Type B evaluation is defined as the evaluation of a component of measurement uncertainty determined by means other than a Type A evaluation of measurement uncertainty.

This includes evaluation based on information associated with authoritative published quantity values, associated with the quantity value of a certified reference material, obtained from a calibration certificate, about drift, obtained from the accuracy class of a verified measuring instrument or obtained from limits deduced through personal experience.

Note: See also *ISO/IEC Guide 98-3:2008*, 2.3.3.

The Type A uncertainty that is obtained by statistical analysis is expressed as a standard deviation and is called standard measurement uncertainty, standard uncertainty of measurement, standard uncertainty or measurement uncertainty expressed as a standard deviation.

Type B uncertainty estimates are also converted to standard uncertainty estimates by correction factors based on their estimated probability distributions.

Combined standard measurement uncertainty (or combined standard uncertainty) is defined as standard measurement uncertainty that is obtained using the individual standard measurement uncertainties associated with the input quantities in a measurement model.

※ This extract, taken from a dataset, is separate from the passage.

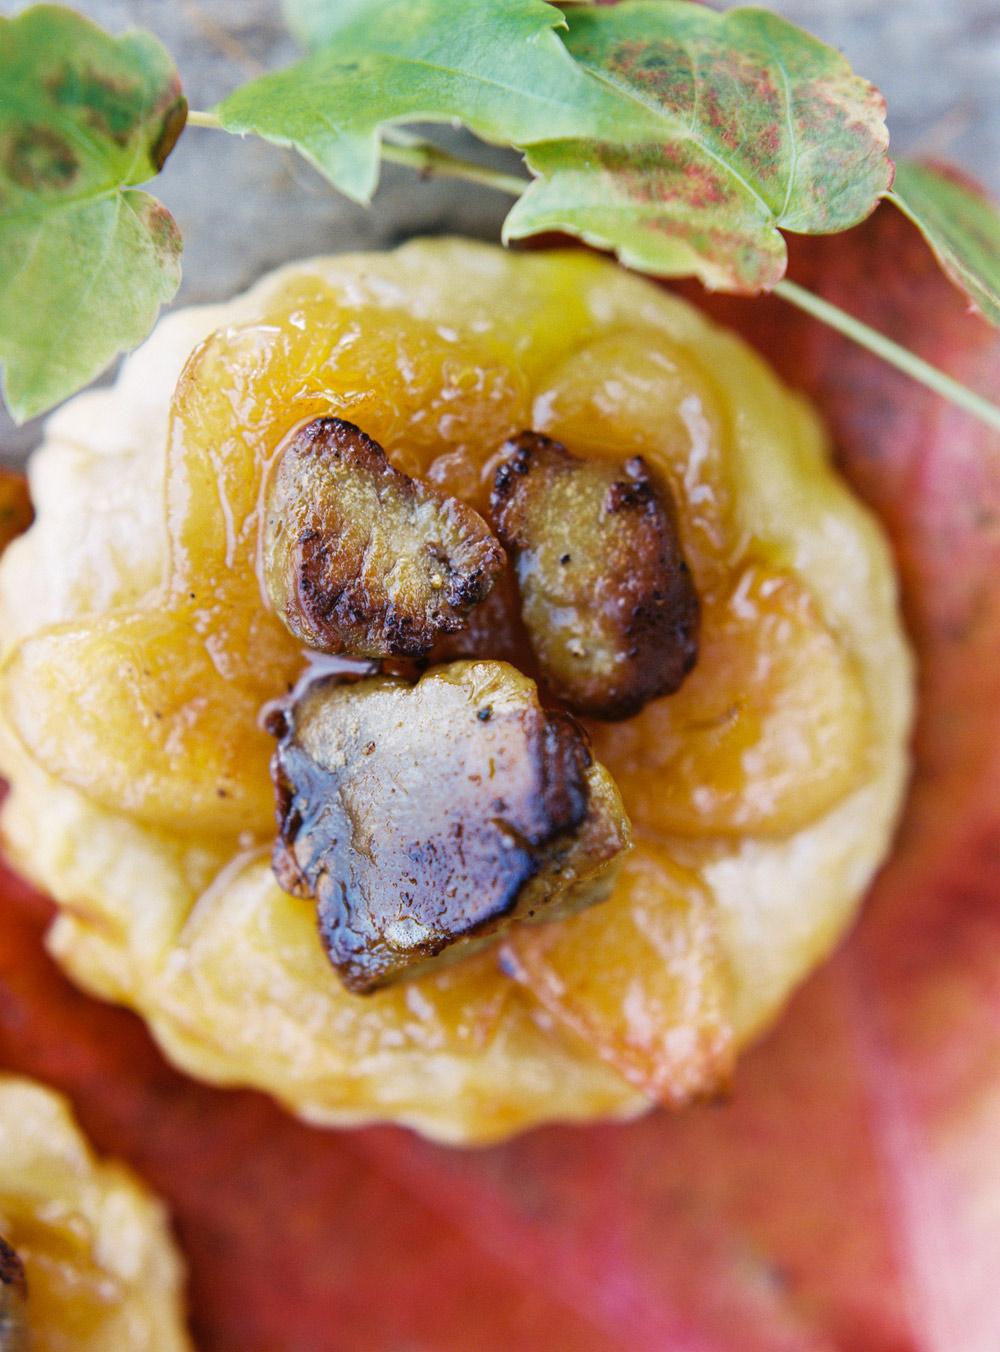 Blanccoco_photographe_styliste_culinaire_tatin_coing_foie_gras-133

Note: In case of correlations of input quantities in a measurement
model, co-variances also must be taken into account when calculating the
combined standard measurement uncertainty; see also *ISO/IEC Guide 98-3:2008*, 2.3.4.

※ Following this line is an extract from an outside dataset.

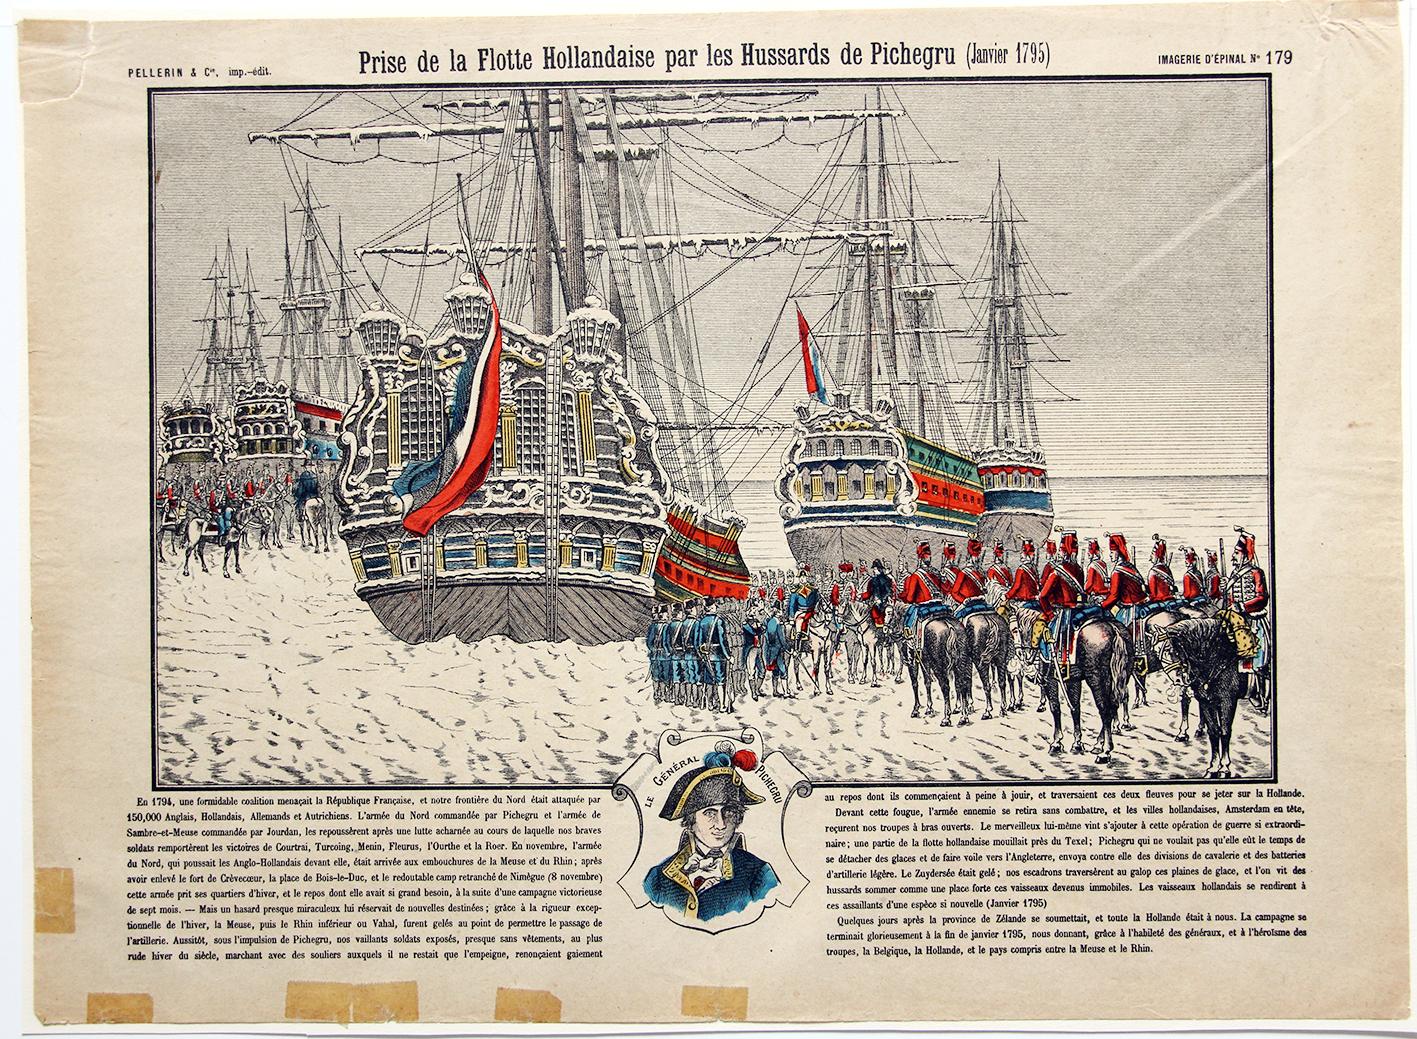 Planche imagerie Epinal - Prise de la flotte Hollandaise par les hussards de Pichegru - 1795 - Imagerie Populaire - Planche N°179

When Type A and B uncertainty estimates are
quantified and expressed as standard uncertainty, they are normally combined
via the root sum square (RSS) method to derive the combined uncertainty. The combined
uncertainty is denoted by *u _{c}*.

Expanded measurement uncertainty (or expanded uncertainty) is defined as the product of a combined standard measurement uncertainty and a factor larger than one.

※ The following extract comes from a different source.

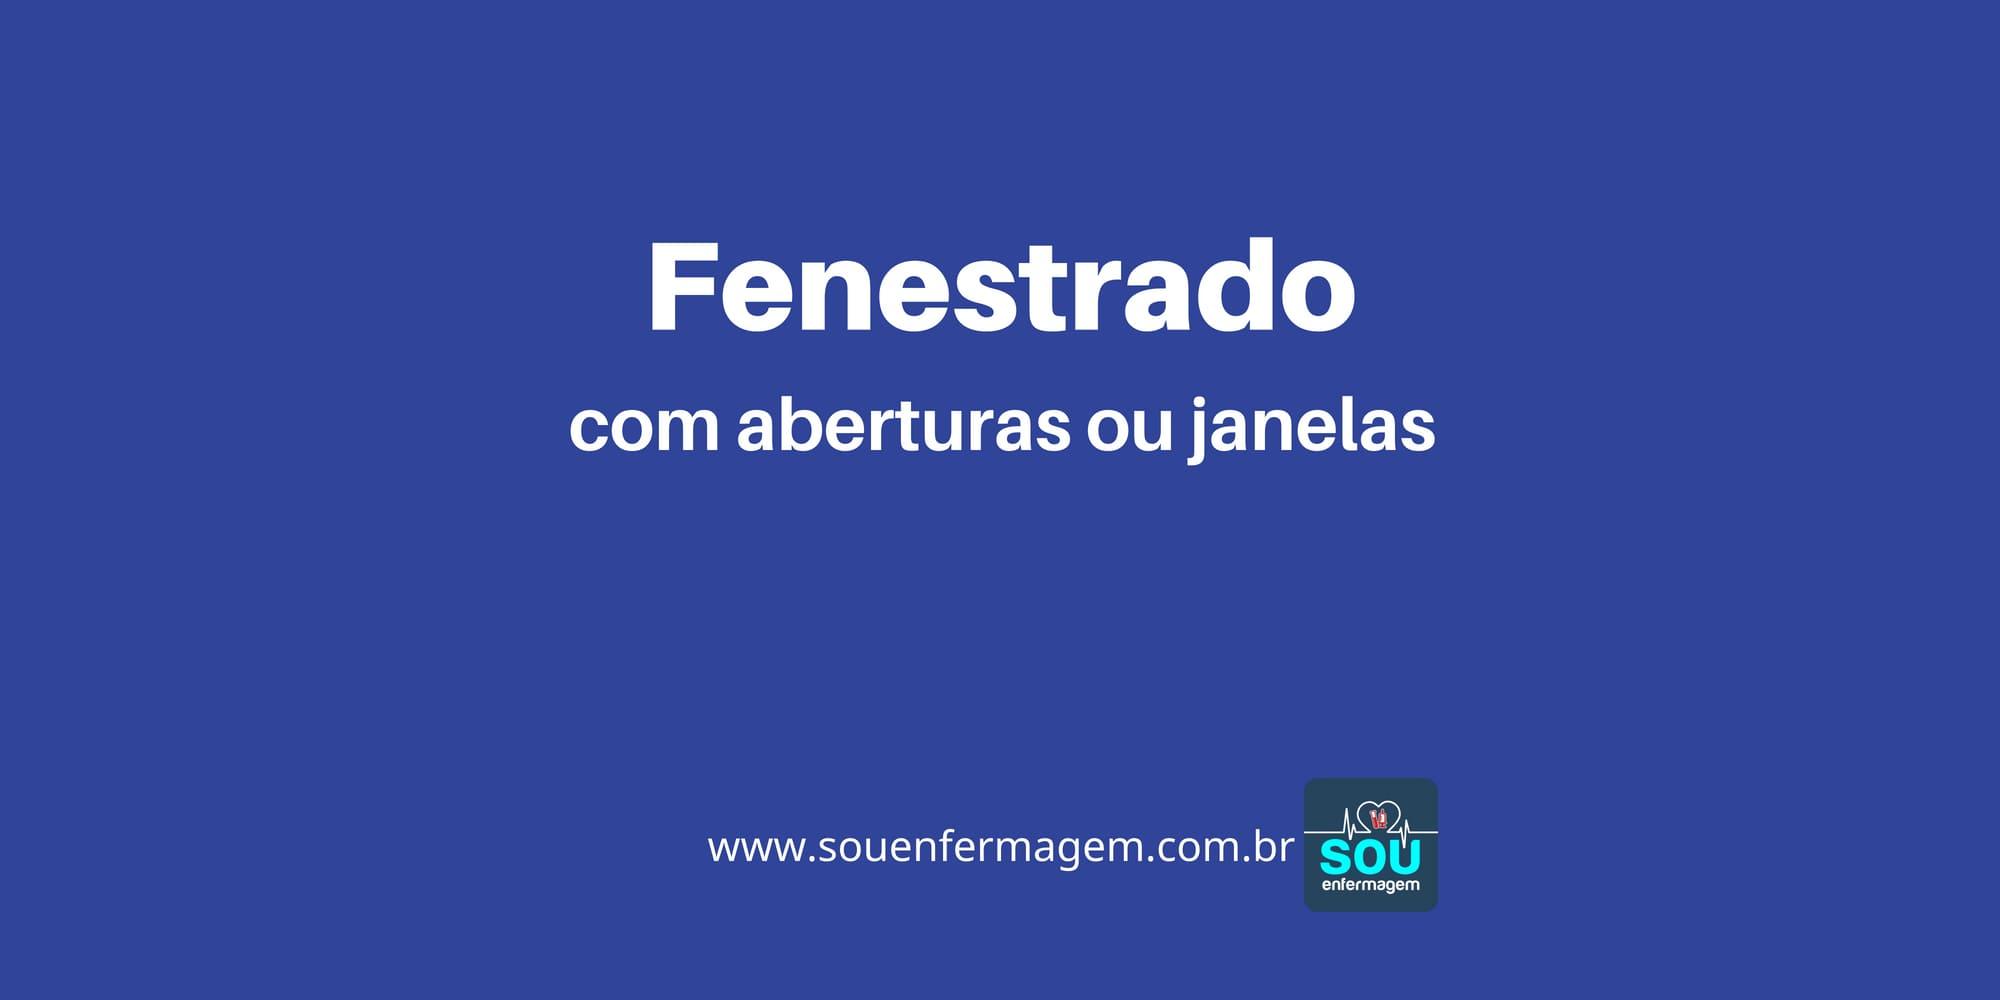 Fenestrado.jpg

Note 1: The factor depends on the type of probability distribution of the output quantity in a measurement model and on the selected coverage probability.

Note 2: The term factor in this definition refers to a coverage factor.

Note 3: Expanded measurement uncertainty is referred to as "overall uncertainty" in paragraph 5 of Recommendation INC-1 (1980) and as "uncertainty" in IEC documents.

The combined uncertainty is normally multiplied by a coverage factor (*k*) to report
the expanded measurement uncertainty at approximately 95% confidence interval
level (*k *= 2).
The expanded uncertainty is denoted by:

*U* = *k* • *u*_{c}

Table 1 shows the values for the coverage factors for reporting expanded measurement uncertainty at different confidence interval levels.

Therefore, when a traceable measurement *x* is made, it is reported with its associated expanded measurement
uncertainty as:

*x* ± *U _{k}*

_{=2}

This means that the measurement *x* can be anywhere within the interval of:

*x* + *U _{k}*

_{=2}and

*x*–

*U*

_{k}_{=2}

at 95.45% confidence interval.

The error associated with this measurement is the uncertainty, *U _{k}*

_{=2}, stated at 95.45% confidence interval. This is shown graphically in Figure 1.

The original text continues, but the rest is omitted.